Hemoglobin neurotoxicity

Hemoglobin, the most abundant blood protein, is normally confined within erythrocytes; however, during cerebral injury, hemoglobin can be released from disintegrated erythrocytes, followed by heme degradation and the liberation of oxidizing free iron ions. As a consequence, neurons-remarkably vulnerable to Fe²⁺ mediated injury-are damaged. Ferrous iron readily reacts with H₂O₂ to generate the hydroxyl radical, which is considered the most deleterious ROS[75-77]. Furthermore, free heme itself is a potent inducer of lipid peroxidation[78]. In addition, cell-free hemoglobin can react with H₂O₂ or other peroxides to generate highly oxidizing species that promote lipid peroxidation, and it can also scavenge nitric oxide, resulting in irreversible NO consumption and vasoconstriction[76].

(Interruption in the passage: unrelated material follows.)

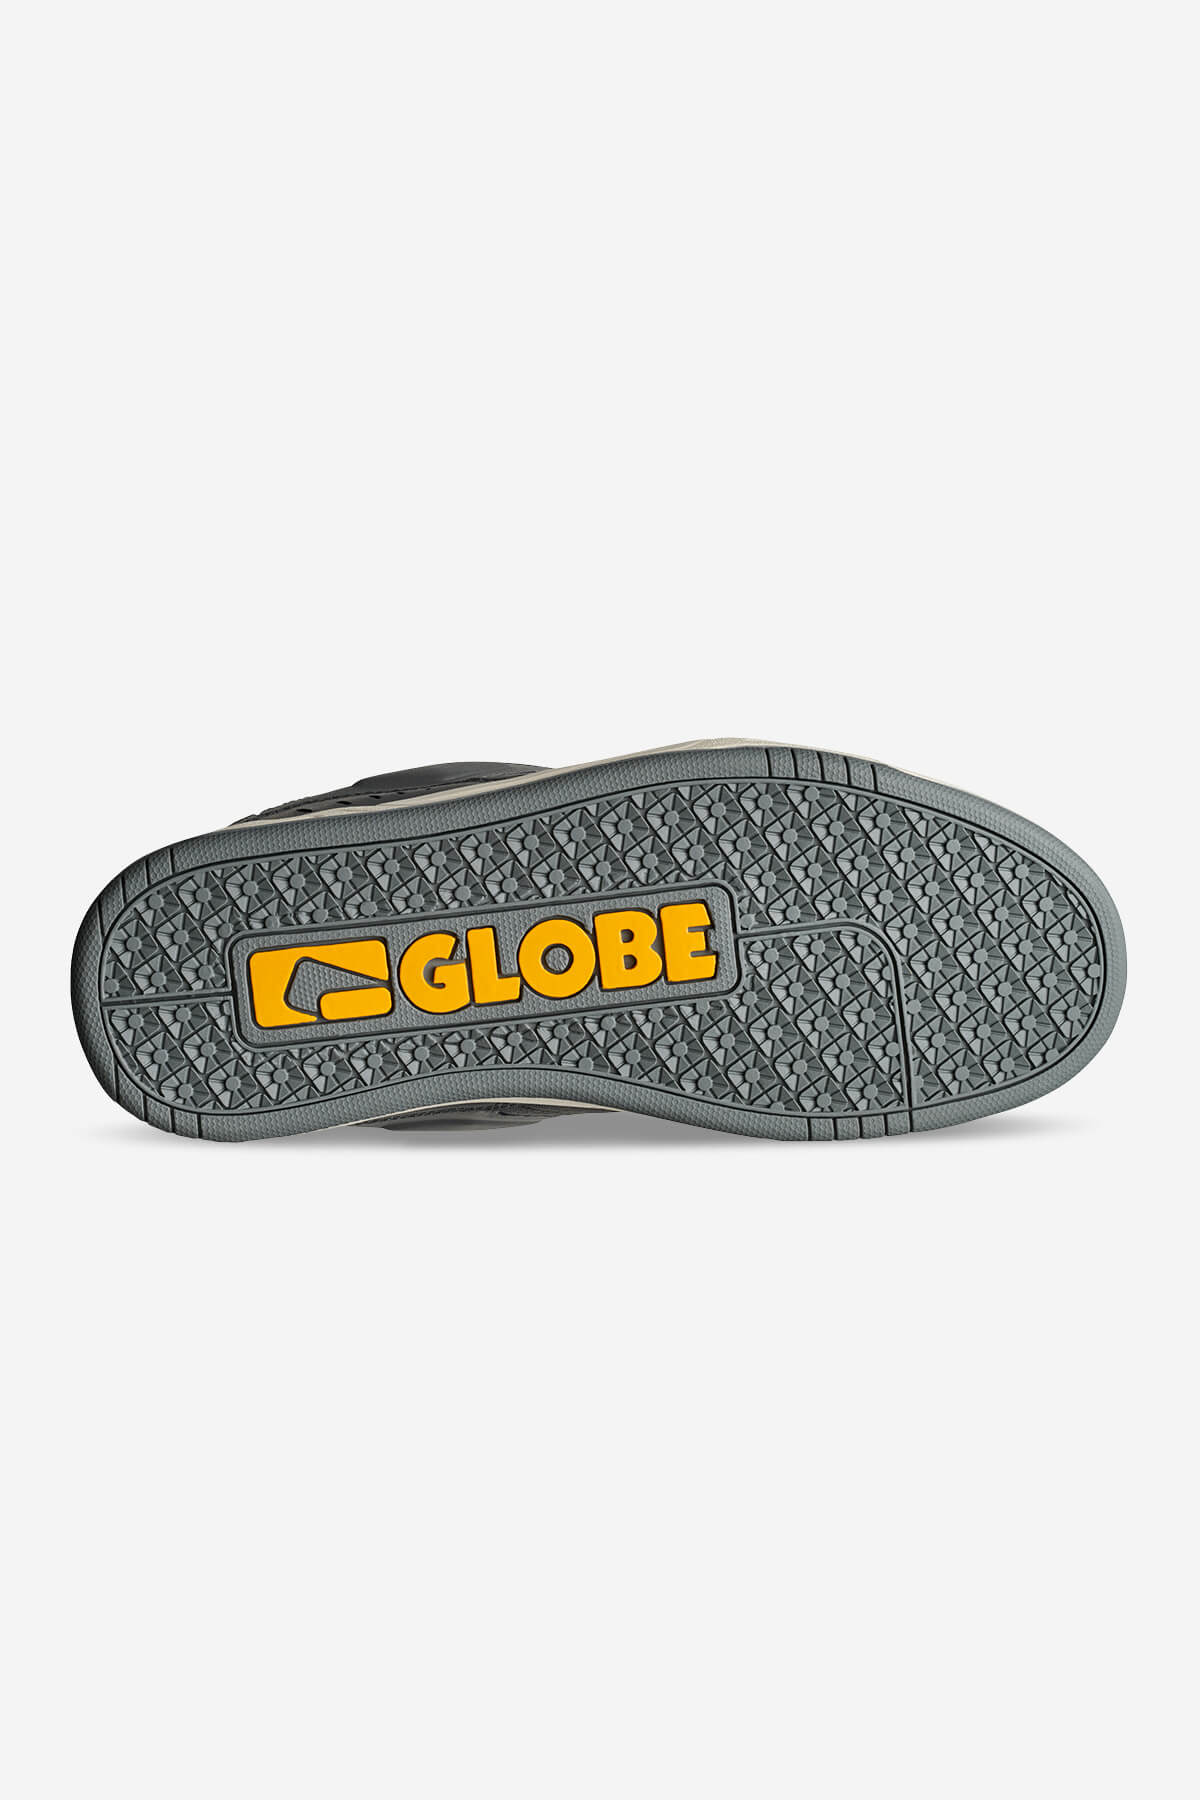 Globe - Fusion - Lead/Antique - skateboard Chaussures

Oxidative stress, neuroinflammation, and CD4⁺ T lymphocytes

Neuroinflammation is associated with the infiltration of T cells into the CNS[79]. To combat infections, CD4⁺ lymphocytes (T-helper cells) contribute to the activation of other immune cells. Upon activation, CD4⁺ lymphocytes differentiate into T-helper 1 (Th1), Th2 or Th17 phenotypes, primarily depending on the cytokine environment to which they are exposed[80]. Th1 cells promote the elimination of intracellular pathogens, whereas Th2 cells are mainly involved in responses against extracellular parasites. Importantly, once pathogen clearance is achieved, Th2 lymphocytes secrete IL-10, which inhibits the inflammatory responses mediated by Th1 cells and other components of the innate immune system. Th17 lymphocytes, in turn, contribute to inflammatory immune responses against extracellular bacteria and fungi by stimulating the release of proinflammatory cytokines[81].

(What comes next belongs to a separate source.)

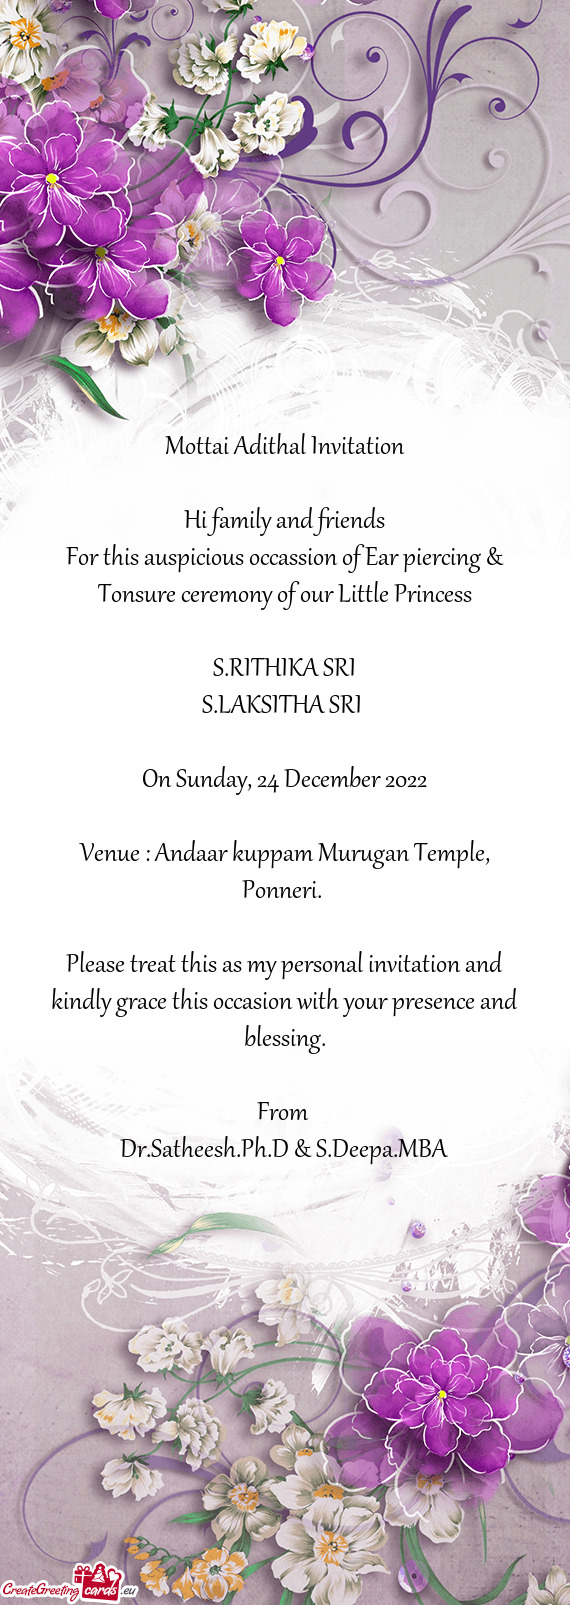 For this auspicious occassion of Ear piercing & Tonsure ceremony of our Little Princess

In summary, Th1 and Th17 represent inflammatory phenotypes that can promote neuroinflammation. Although the Th2 phenotype also participates in inflammatory immune responses, it may attenuate neuroinflammatory changes[82].

CD4⁺ cells orchestrate the interplay between innate and adaptive immune responses ensuring an effective defense against pathogenic challenges and highlighting their critical role in cell survival.

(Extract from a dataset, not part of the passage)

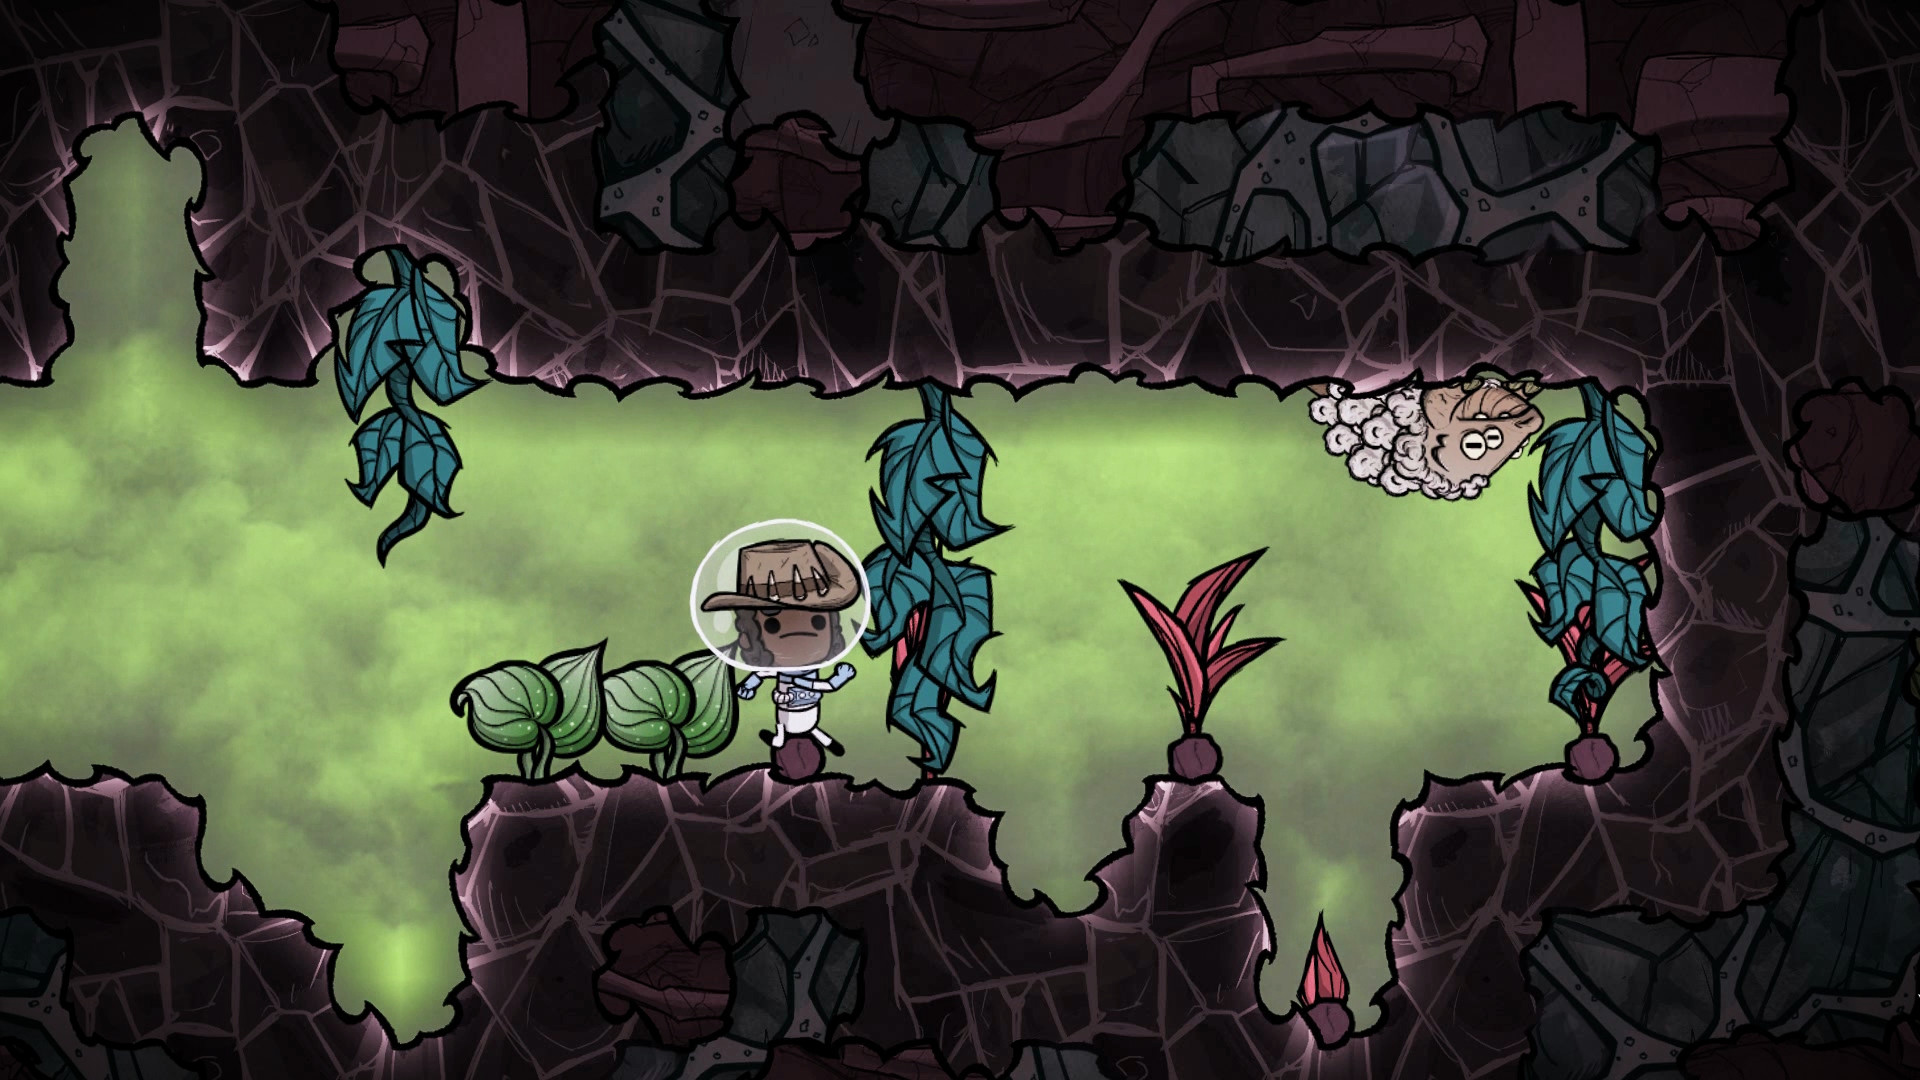 Oxygen Not Included Free Download

In this context, it is noteworthy that oxidative stress and redox imbalance alters CD4⁺ T-cell differentiation and function[83], enhances T-cell apoptosis and necrosis[84], and intensifies the proinflammatory activity of Th1 and Th17 subsets, thereby contributing to the progression of neuroinflammation.

MITOCHONDRIA AND NEUROINFLAMMATION

Abundant evidence indicates that mitochondrial dysfunction precedes neuroinflammation and contributes to its progression[85]. However, the relationship between altered mitochondrial function and neuroinflammation is complex: Mitochondrial dysfunction can promote neuroinflammation, while inflammatory mediators released from activated glial cells can, in turn, impair mitochondrial function. Notably, because neurons are highly energy-demanding cells, they are particularly susceptible to mitochondrial dysfunction[86].

To understand the relationship between mitochondria and inflammation, it is necessary to consider that, in multicellular organisms, the immune system can detect tissue injury, pathogenic microorganisms, and cellular or metabolic stress through pattern recognition receptors (PRR). Upon activation-particularly in the case of extensive cell or tissue damage-PRRs can initiate an acute inflammatory response aimed at eliminating the harmful insult and promoting tissue repair[87].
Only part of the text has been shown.